Given information =>
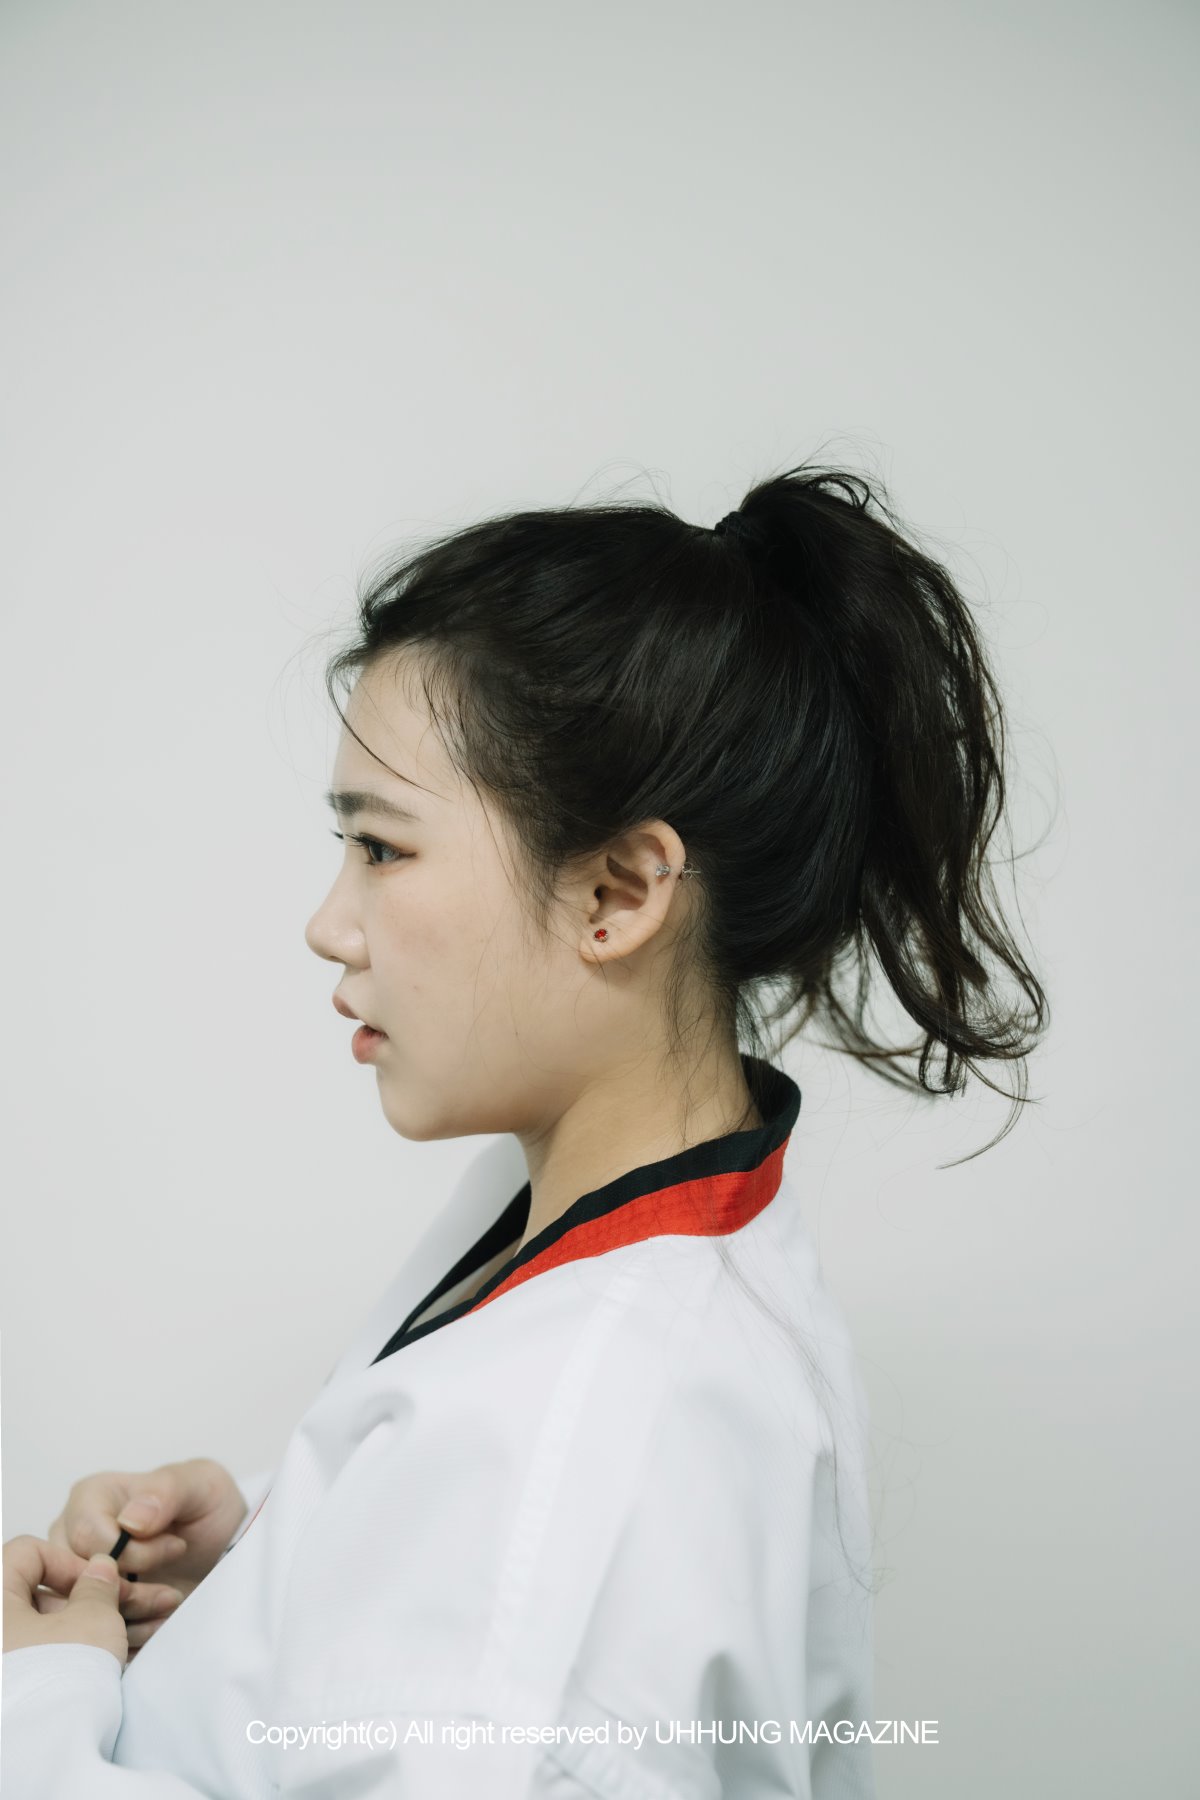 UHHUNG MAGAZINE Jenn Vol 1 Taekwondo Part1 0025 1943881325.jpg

---

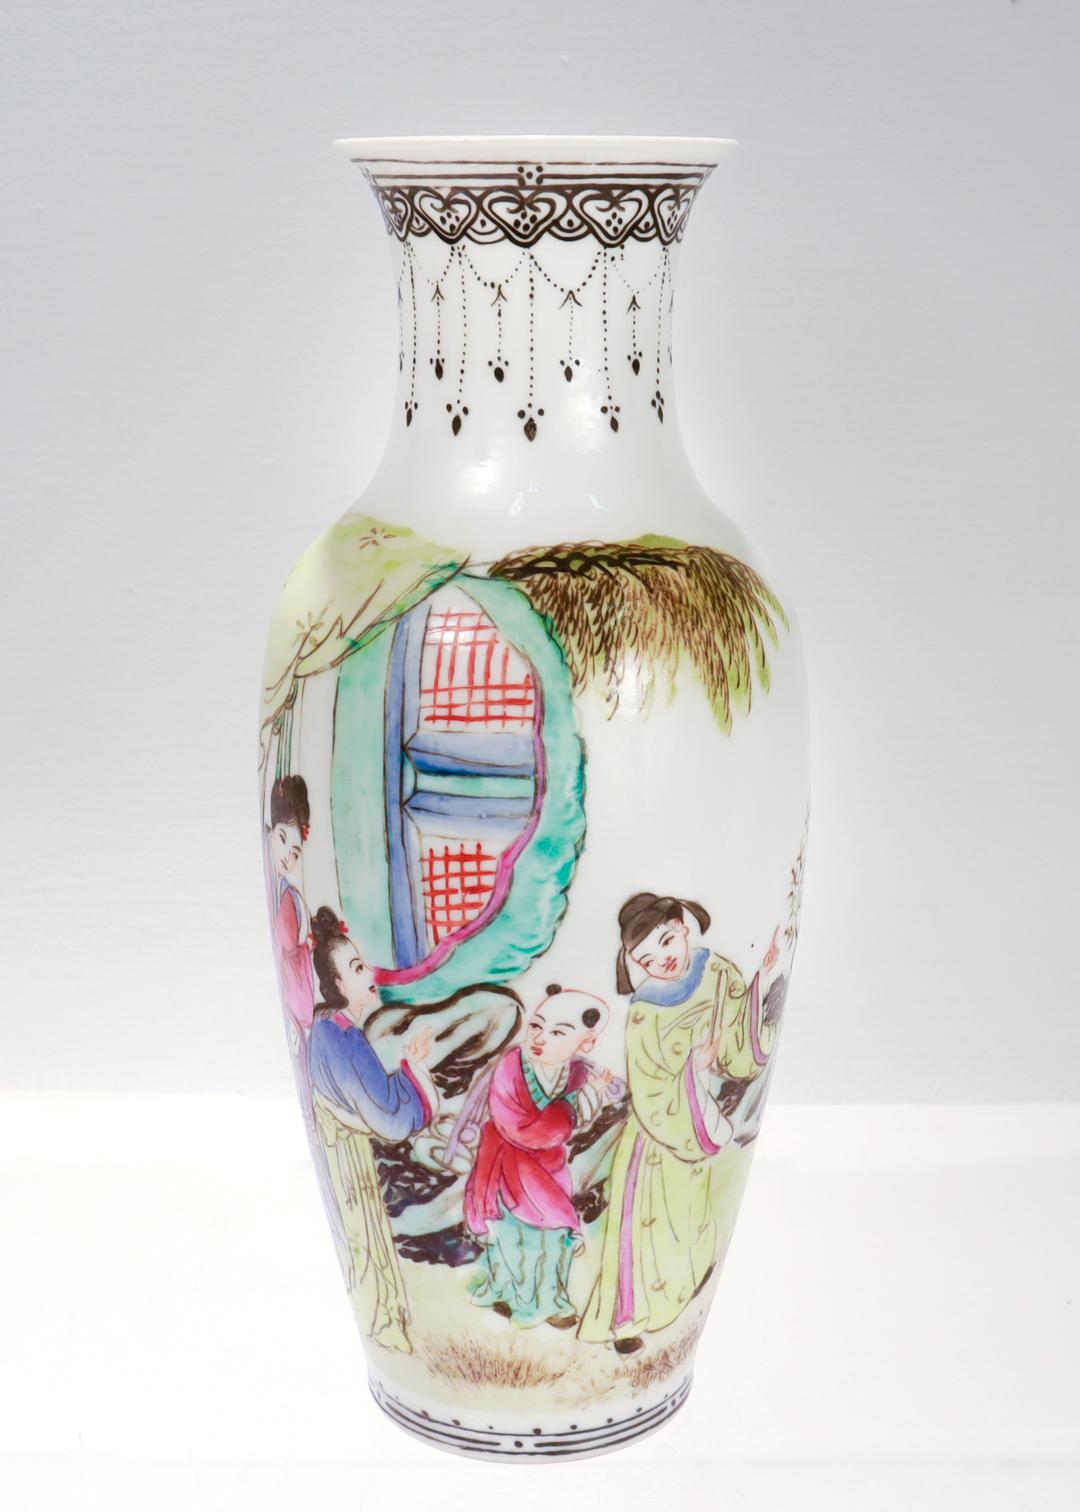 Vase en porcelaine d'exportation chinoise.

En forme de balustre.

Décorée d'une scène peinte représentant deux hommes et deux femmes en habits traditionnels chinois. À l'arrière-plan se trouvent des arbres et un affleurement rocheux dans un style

What is needed => In the listing above, start at the line with "En forme de balustre.", go on through the line with "Décorée d'une scène", and copy each of those lines exactly; leave out all the rest.

Response for this exercise =>
En forme de balustre.

Décorée d'une scène peinte représentant deux hommes et deux femmes en habits traditionnels chinois. À l'arrière-plan se trouvent des arbres et un affleurement rocheux dans un style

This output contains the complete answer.